Records shown:
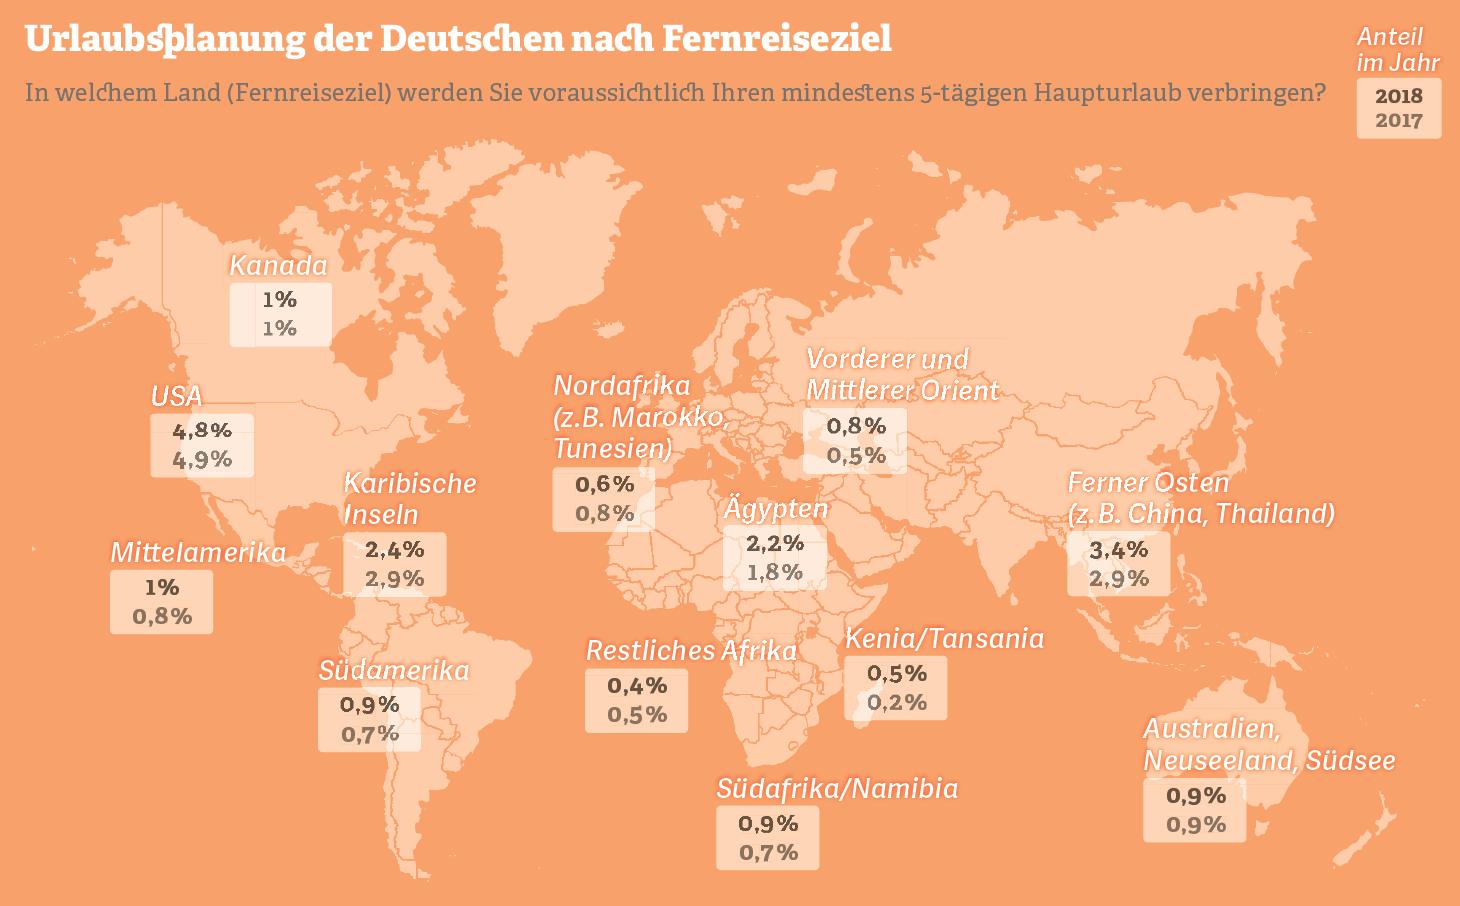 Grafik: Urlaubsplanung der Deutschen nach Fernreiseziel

* * *

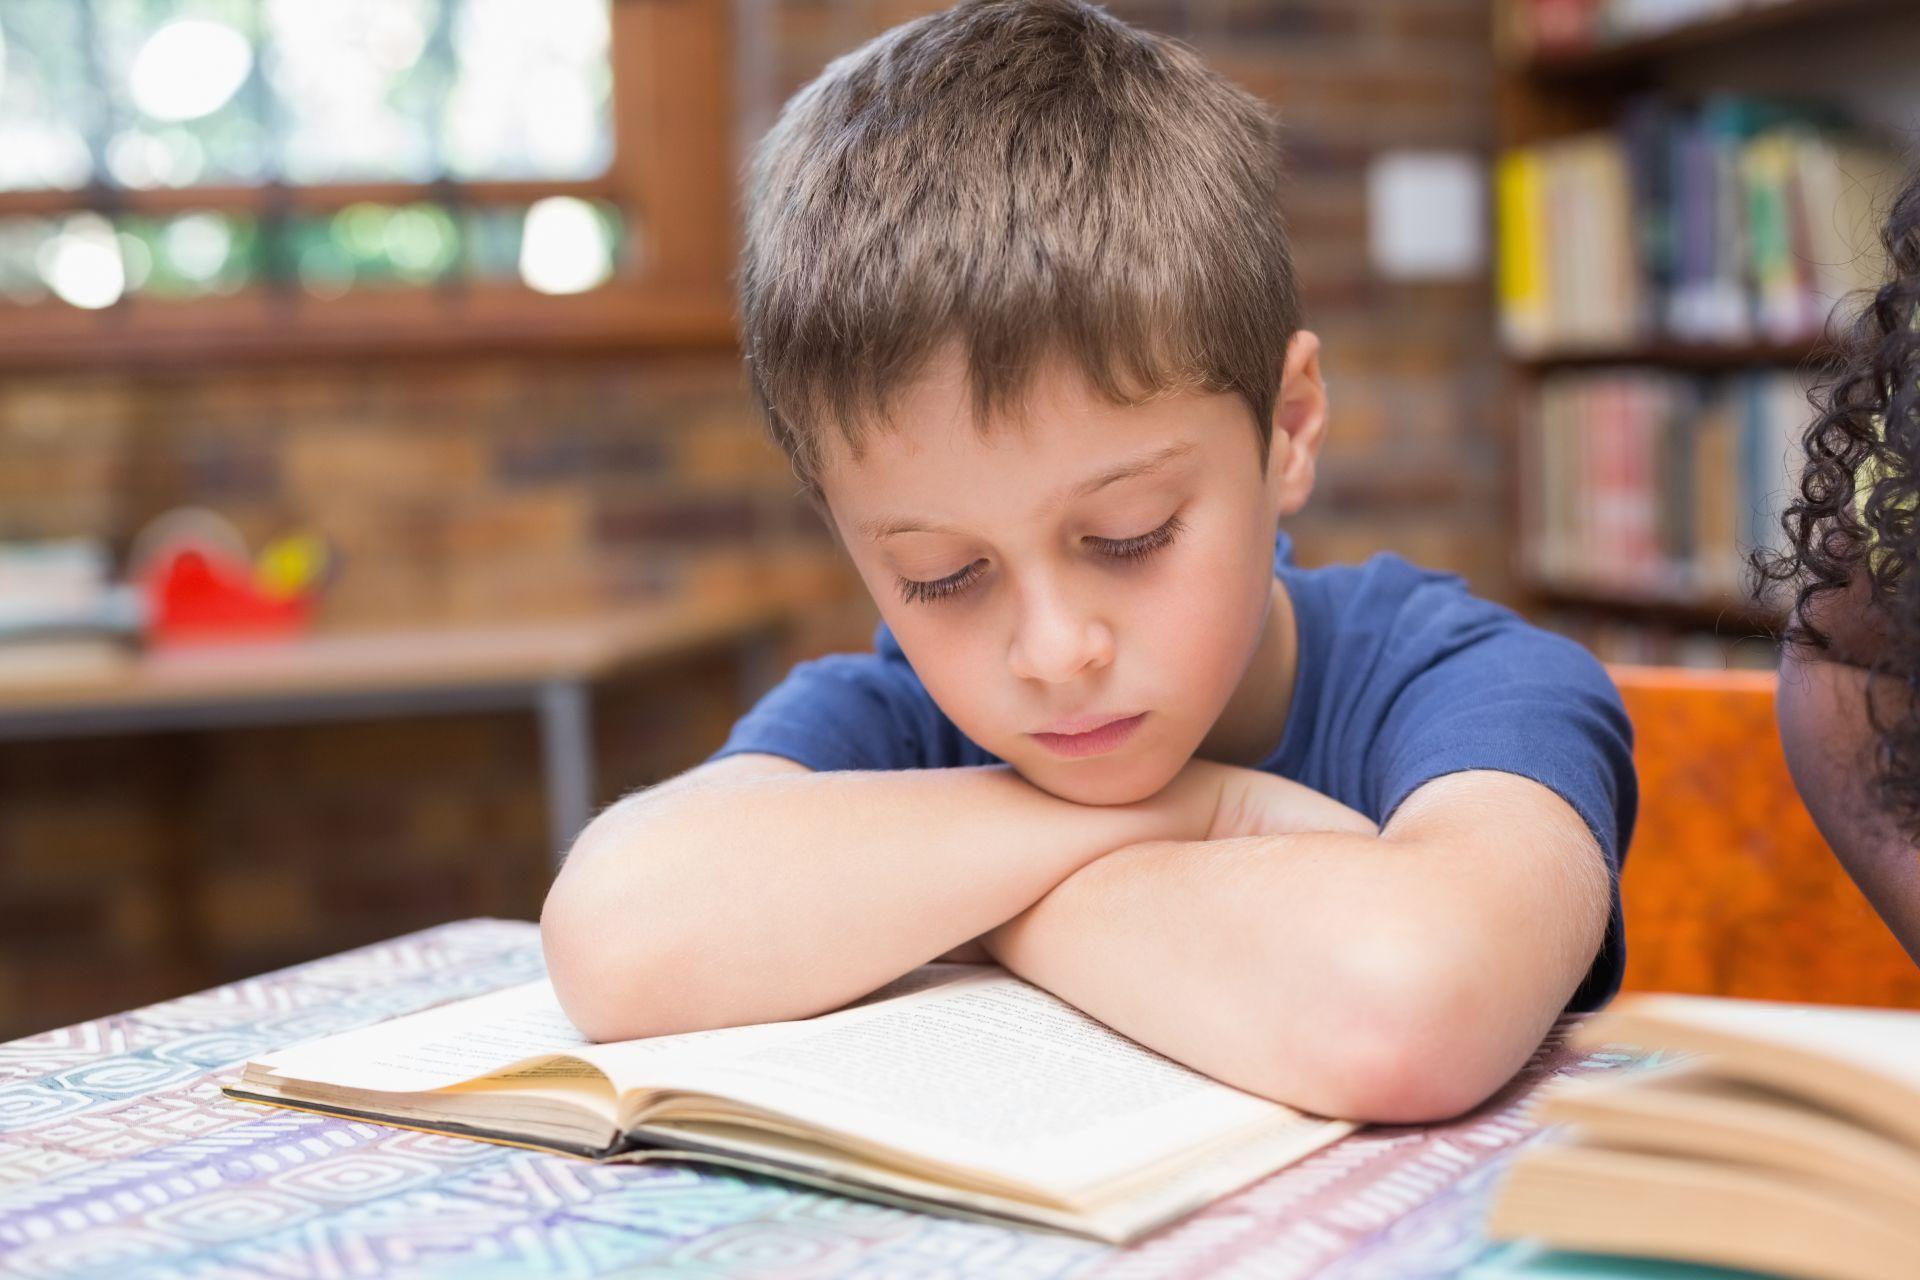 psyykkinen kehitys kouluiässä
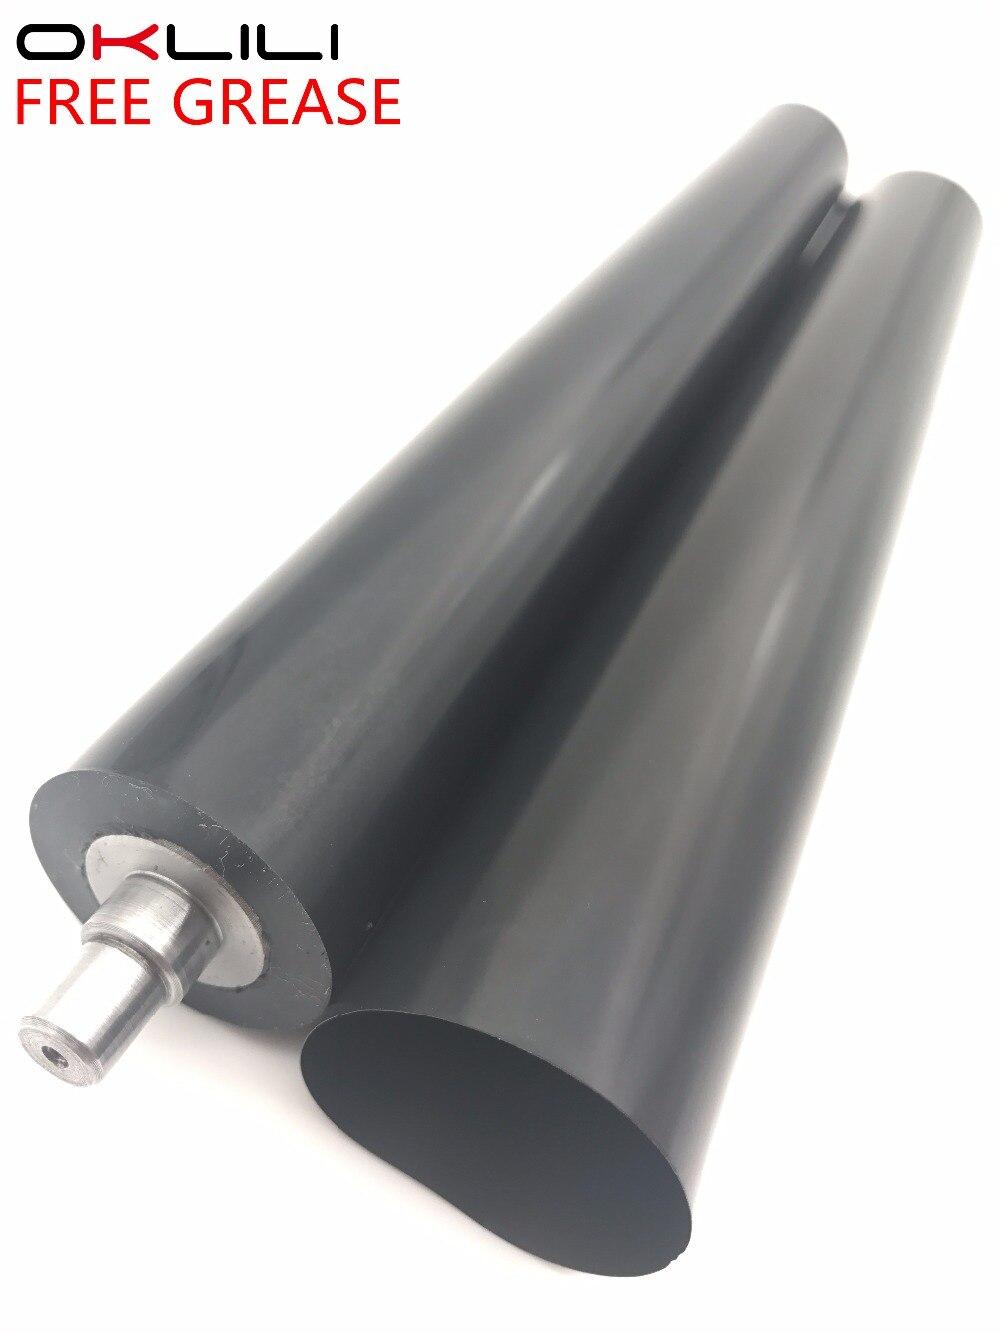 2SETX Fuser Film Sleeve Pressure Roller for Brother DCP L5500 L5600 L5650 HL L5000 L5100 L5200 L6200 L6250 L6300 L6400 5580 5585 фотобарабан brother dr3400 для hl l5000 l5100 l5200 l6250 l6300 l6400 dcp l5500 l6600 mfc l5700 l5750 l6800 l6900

...

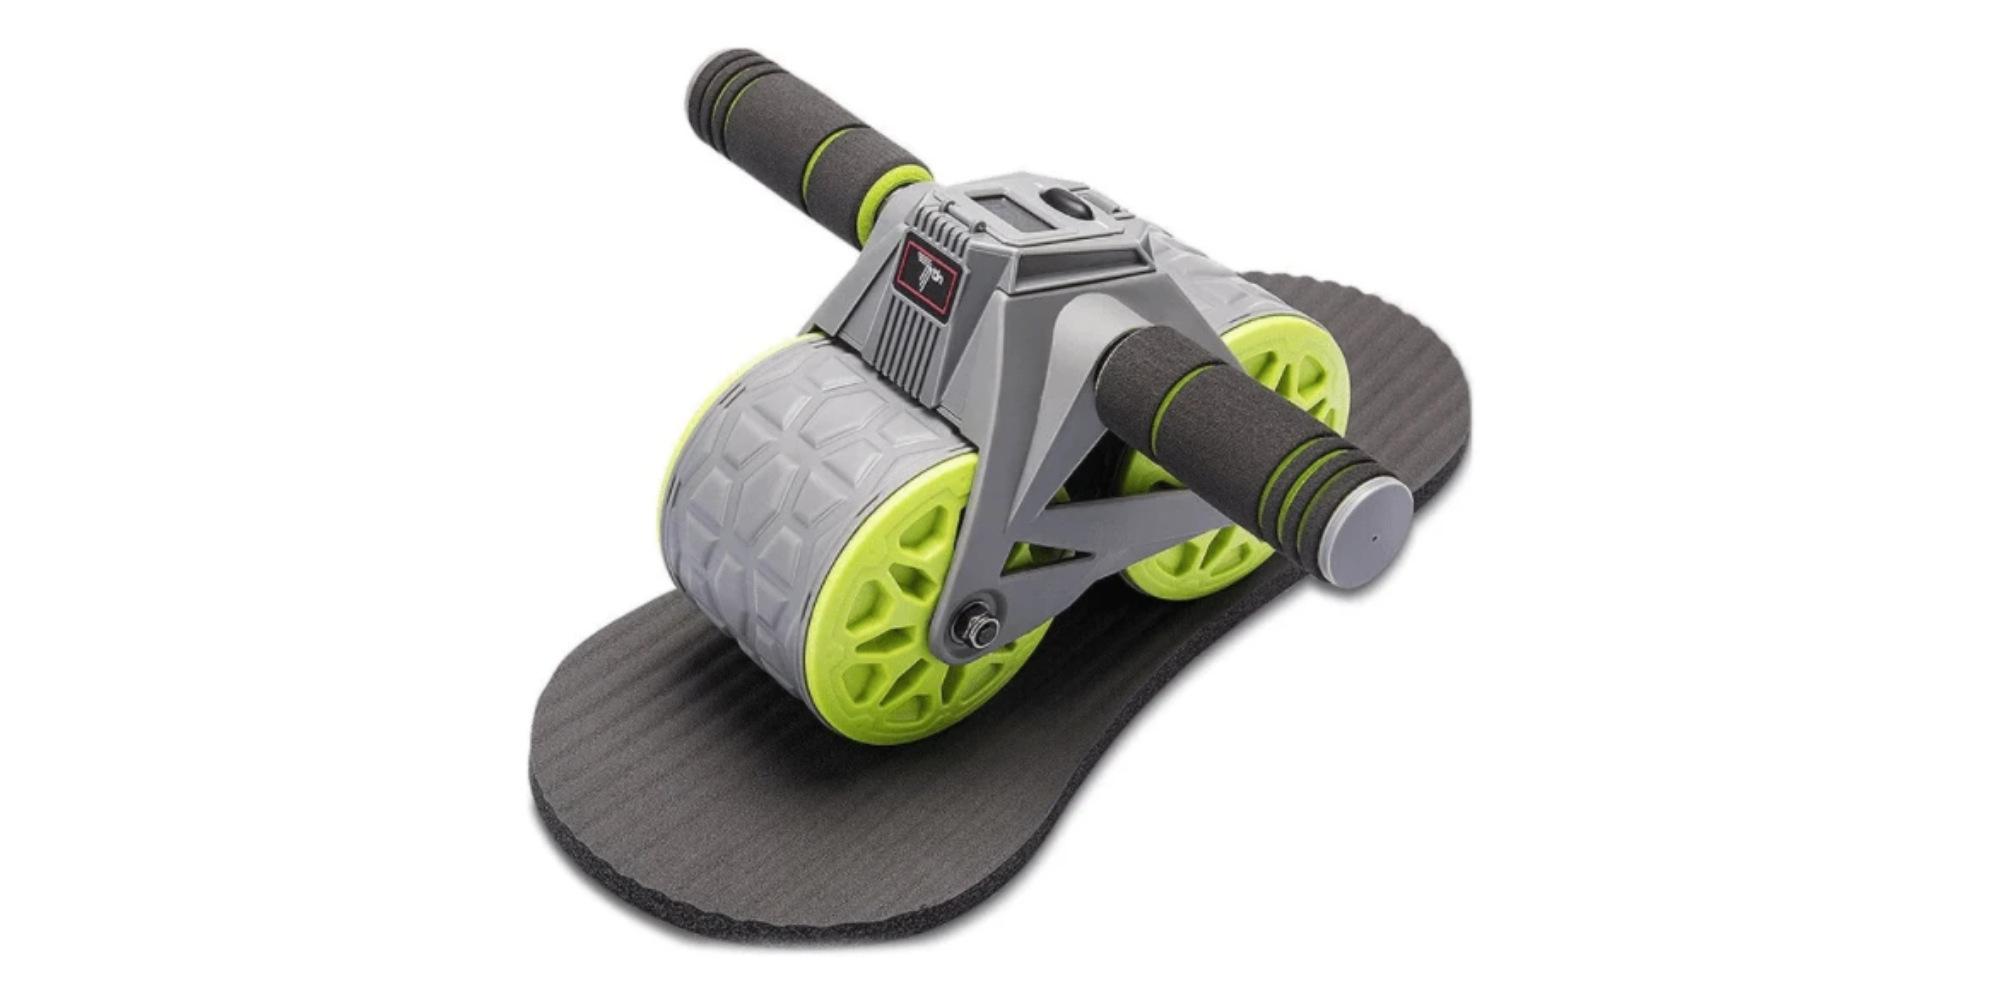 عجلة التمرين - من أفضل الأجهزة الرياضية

Assignment: Give again the stretch of lines above from the one with "psyykkinen kehitys kouluiässä" through the one with "2SETX Fuser Film", both ends kept, and copy no pictures.

Response to this task:
 psyykkinen kehitys kouluiässä
 2SETX Fuser Film Sleeve Pressure Roller for Brother DCP L5500 L5600 L5650 HL L5000 L5100 L5200 L6200 L6250 L6300 L6400 5580 5585 фотобарабан brother dr3400 для hl l5000 l5100 l5200 l6250 l6300 l6400 dcp l5500 l6600 mfc l5700 l5750 l6800 l6900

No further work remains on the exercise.